A sub-plot of my story, is that the protagonist is struggling with addiction to alcohol due to past events (which happen in the book). I'm worried that all the scenes will come off the same because he is always drunk. How do I show that he is drunk every day (or almost every day) and spiralling down into a full blown addiction, while also not being repetitive in every scene? (Keep in mind he is still functioning, just drunk while doing it).

3 Answers 3


Without knowing more about your character I cannot be specific but the revelation is probably dripped . . . similar to the style of a good "whodunnit", a nuanced 'show' of clues.

  • Why is he always sucking on a breath mint?

  • Have him make simple errors (forgetfulness).

"I'll see you tomorrow," he said, pulling on his coat.

"Tomorrow's Saturday," replied Jane. "The office is closed on Saturday."

Or . . .

"Can you cancel my meeting with Tom?"

"You asked me that this morning. I did straight away. You were standing here when I made the call."

  • Have him refuse to attend social events where he knows there's alcohol.
  • Have somebody ask him why he no longer drives his car.
  • Show phone calls waking him up during relatively sociable hours, and when the caller says, "Did I wake you?" - Have him lie. He will miss lot of calls when passed-out or in no fit state. He will provide a string of lies; _the phone was on silent, the battery was dead, the phone was in the other room, I left my phone at X.

Together with loss-of-appetite and a general lack of enthusiasm, these are a few pointers. Feel free to use them, or not.


This Character won't Appear Drunk

If a character is self medicating with alcohol, they probably aren't getting wild-college-party-blackout-drunk every night. They are drinking enough to calm themselves - to "take the edge off."

If this character is a ways down the path to alcoholism, he will need to drink a LOT to appear intoxicated. And alcoholics often know that appearing drunk all the time is a warning sign to others - he will attempt to look normal, even while slowly killing himself with drink.

I'd look up the symptoms of alcoholism, and show them about this character. A couple off the cuff examples:

  • He hides his drinking - taking a pull from a flask when no one is looking, or hiding booze in his room
  • He drinks alone - there's no social function to his intake
  • High tolerance - when he drinks in a social setting, other characters note that he has had a lot, and he demonstrates that it has barely affected him
  • Needs a drink to get to sleep
  • Needs a drink to feel normal

So the technique here is to show him going about his life, and having these things gently intrude on the story. Maybe he has to stop at a liquor store on the way home because he's out of booze. When it's closed, he's distressed. He needs his nightcap to get to sleep.

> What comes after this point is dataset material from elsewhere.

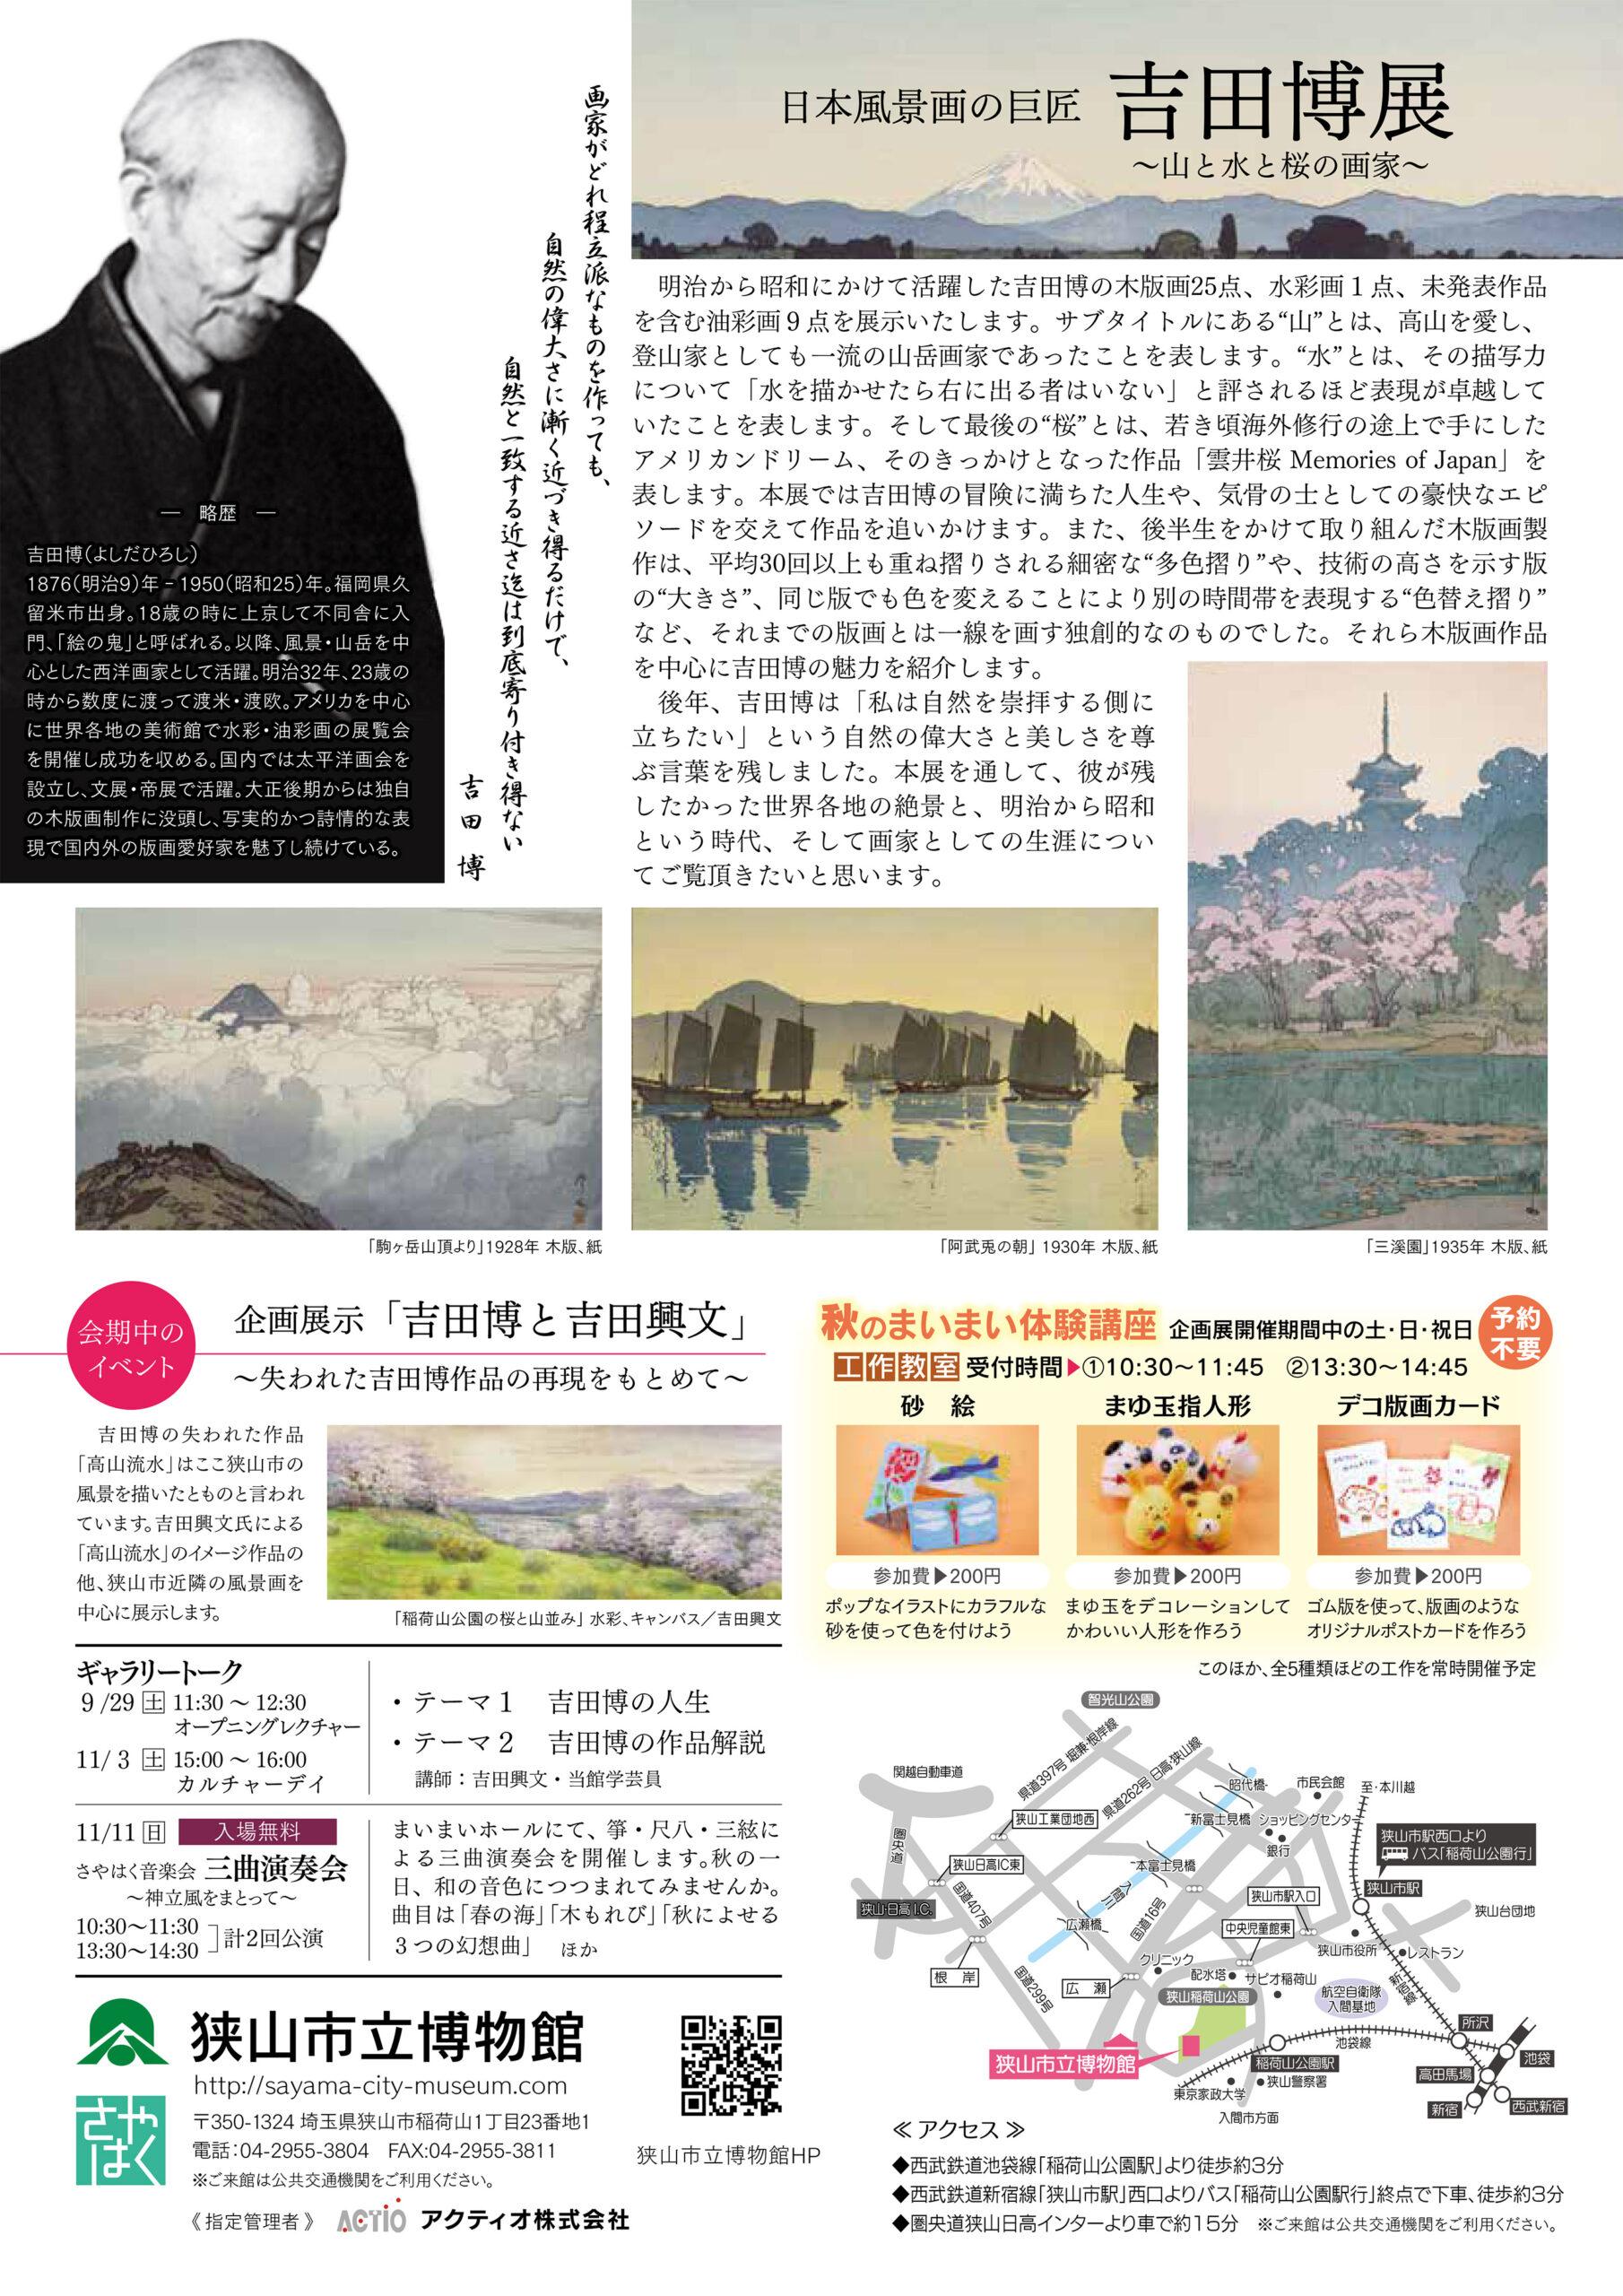 平成30年度 秋期企画展「日本風景画の巨匠 吉田博展 ~山と水と桜の画家~」

Slowly let these events become more and more intrusive, and eventually it is obvious - both to the other characters and to your reader - that this guy is an alcoholic.


I'll Get The Bus Today

There may well be other changes in behaviour as well...

So, if your character is drinking a lot at night, they might well decide to catch the bus the next day because they know they are still intoxicated, and therefore can't drive.

Calling in sick, or working from home.

Self conscious about body odor because alcohol does make you smell more - so sneaking off to the bathroom to pop more deodorant on.

Someone mentioned eating less, but I don't know, I've seen examples were early stage drinking problems, there is more eating and weight gain.

Occasionally, having a pick me up in the morning.

Perhaps also, a moment where the drinker decides 'that's it, I'm stopping' but within a week is drinking again.